Member of the Ghana Parliament for Assin
- In office 1 October 1969 – 13 January 1972
- Preceded by: Military government

Personal details
- Born: 1927
- Died: 14 September 2005 (aged 78)
- Education: University of Ibadan, University of Dublin, Trinity College
- Occupation: Lawyer

= Isaac Amissah-Aidoo =

Ghanaian politician (1927–2005)

Isaac Amissah-Aidoo (1927 – 14 September 2005) was a Ghanaian lawyer, tribal chief and politician. He was a member of the first parliament of the second Republic of Ghana, representing the Assin constituency under the membership of the progress party (PP).

== Early life and education ==
Isaac Amissah-Aidoo was born in 1927. He was an alumnus of the University of Ibadan where he received his Bachelor of Arts degree in law.
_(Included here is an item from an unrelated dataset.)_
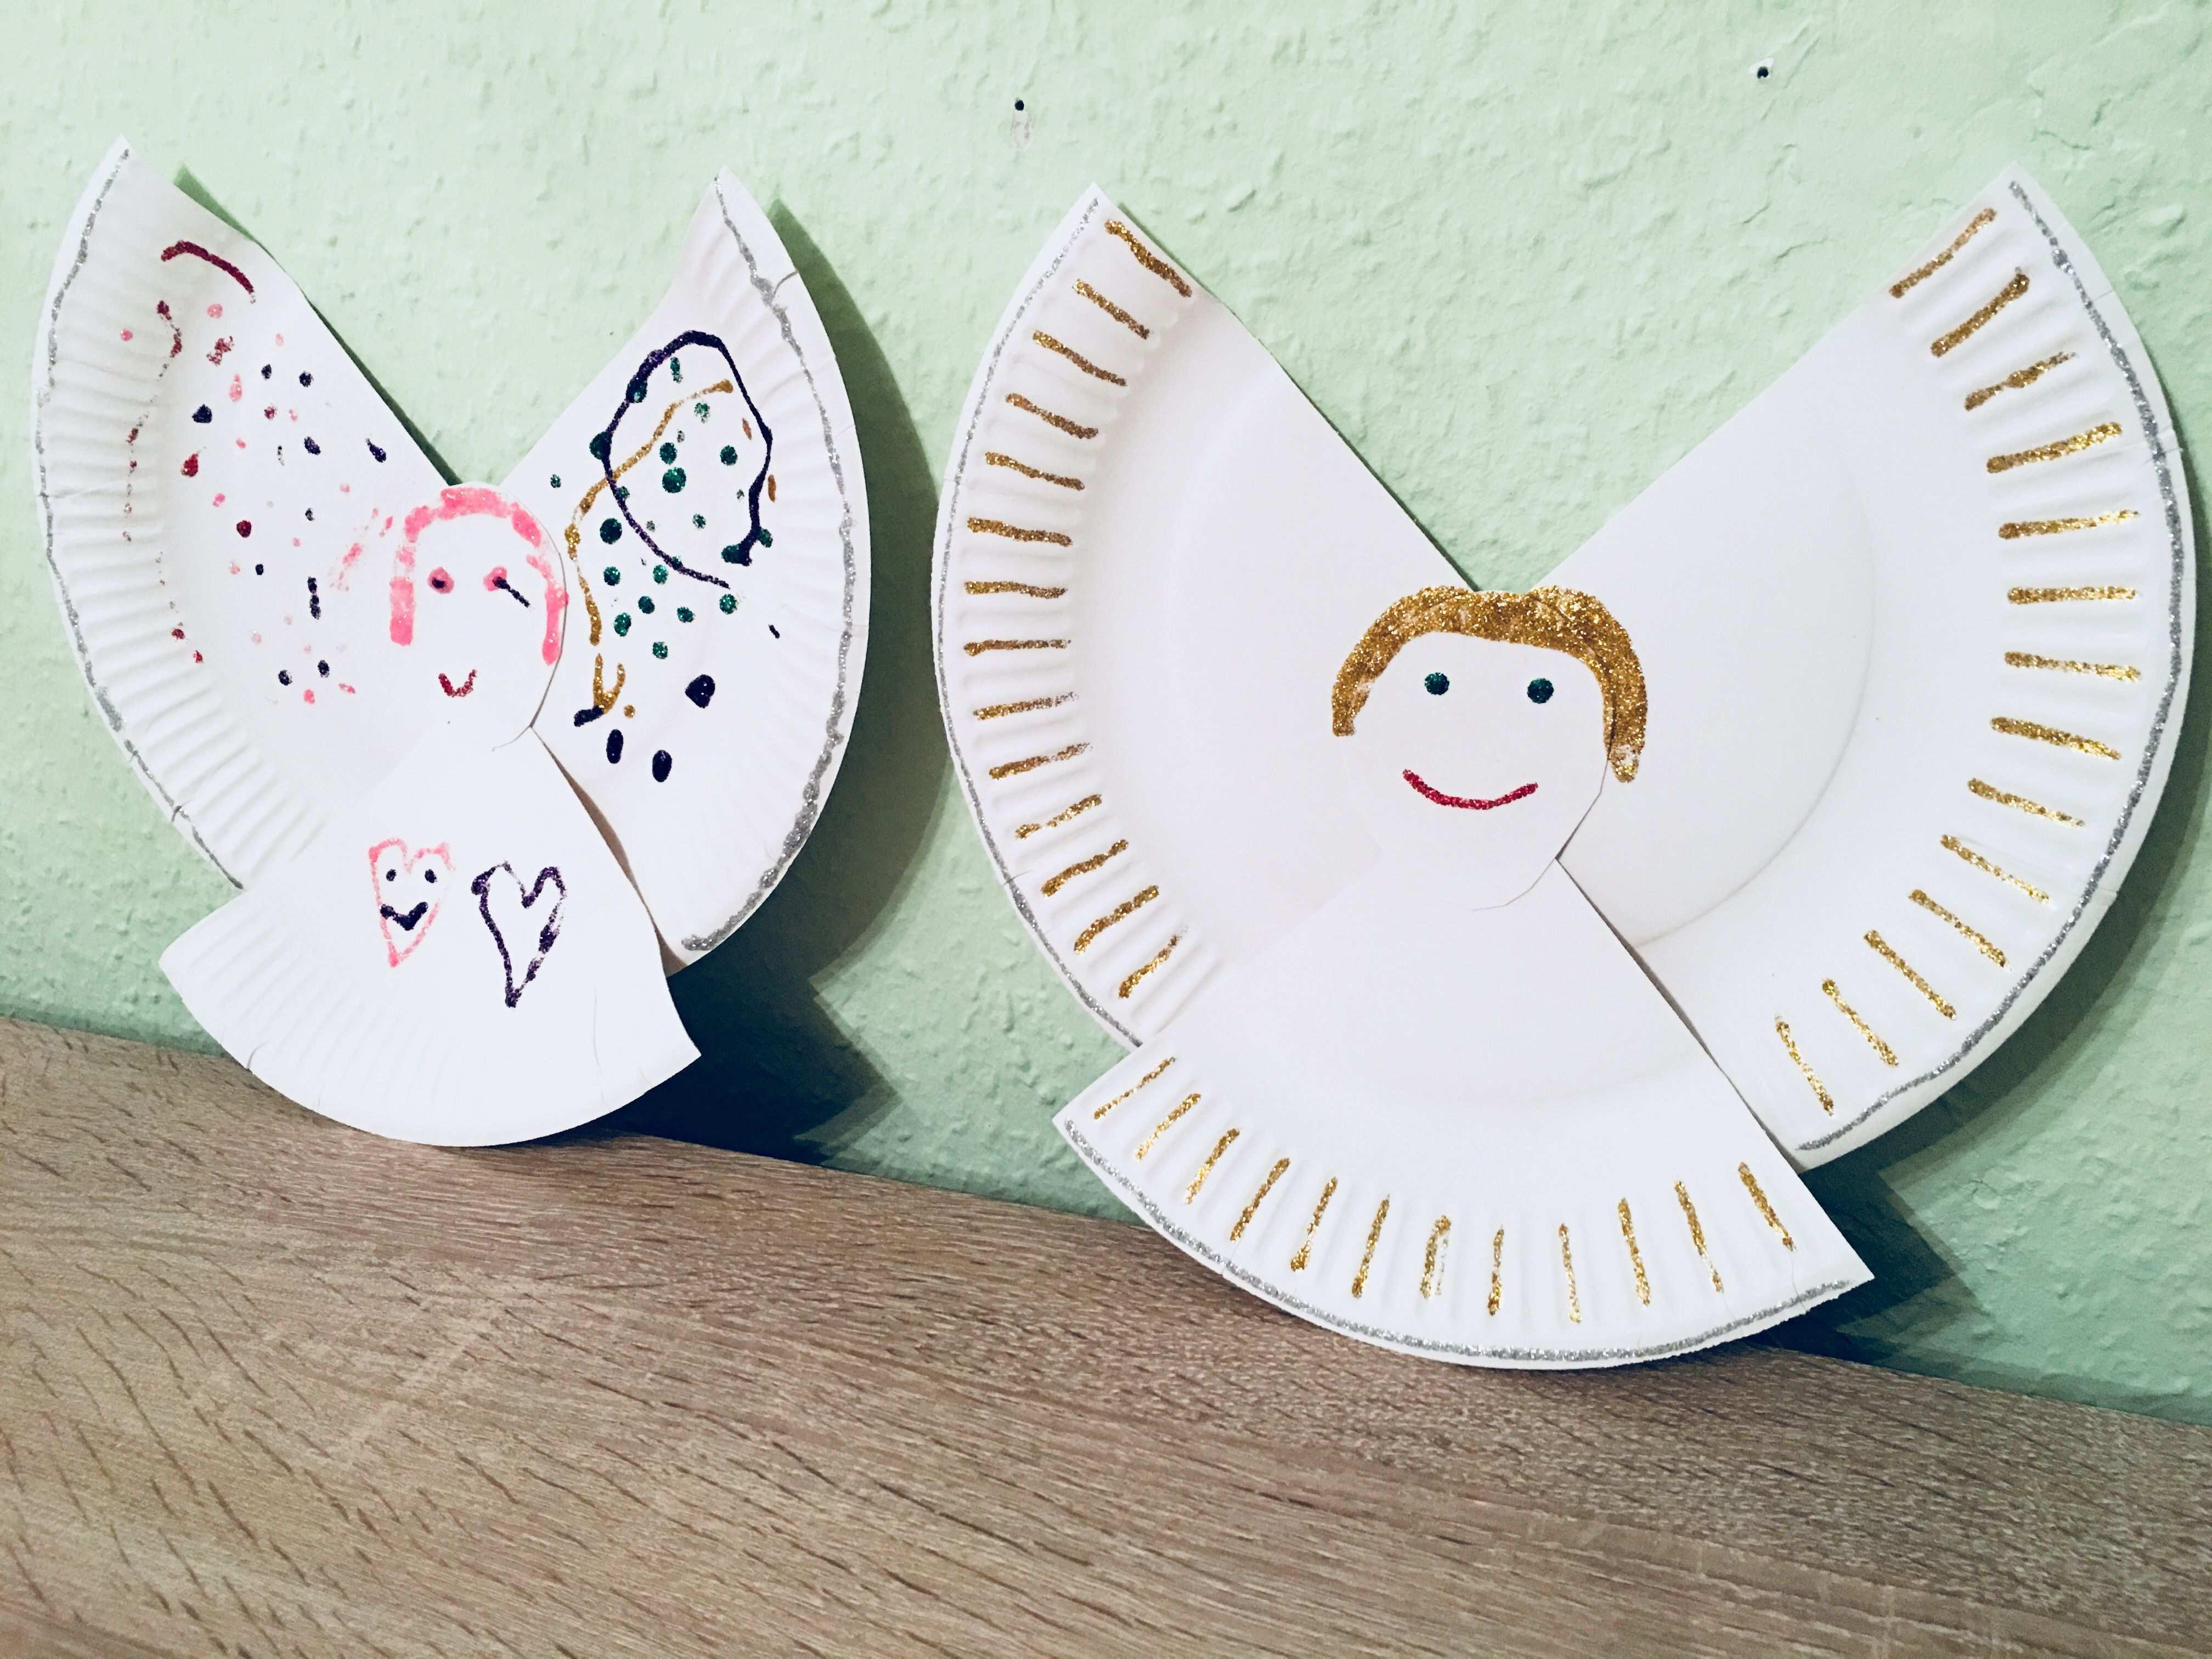 Engel Aus Pappteller Basteln Mit Kindern Der Familienblog Fur Kreative Elter Sterne Basteln Mit Kindern Basteln Weihnachten Basteln Mit Kindern Weihnachten

He also attended Trinity College Dublin where he obtained another Bachelor of Arts degree in law and later obtained his Masters of Arts degree in law. He worked as a lawyer before going into Parliament.

== Politics ==
Amissah-Aidoo began his political career in 1969 when he became the parliamentary candidate for the Progress Party (PP) to represent the Assin constituency in the Central Region of Ghana prior to the commencement of the 1969 Ghanaian parliamentary election.

On 1 October 1969, Amissah-Aidoo was sworn in to the First Parliament of the Second Republic of Ghana, after being pronounced the winner of the 1969 Ghanaian election held on 26 August 1969.

Amissah-Aidoo was the Deputy Speaker of the National Assembly in 1969.

== Personal life and death ==
Isaac Amissah-Aidoo was a Christian. He died on 14 September 2005, at the age of 78.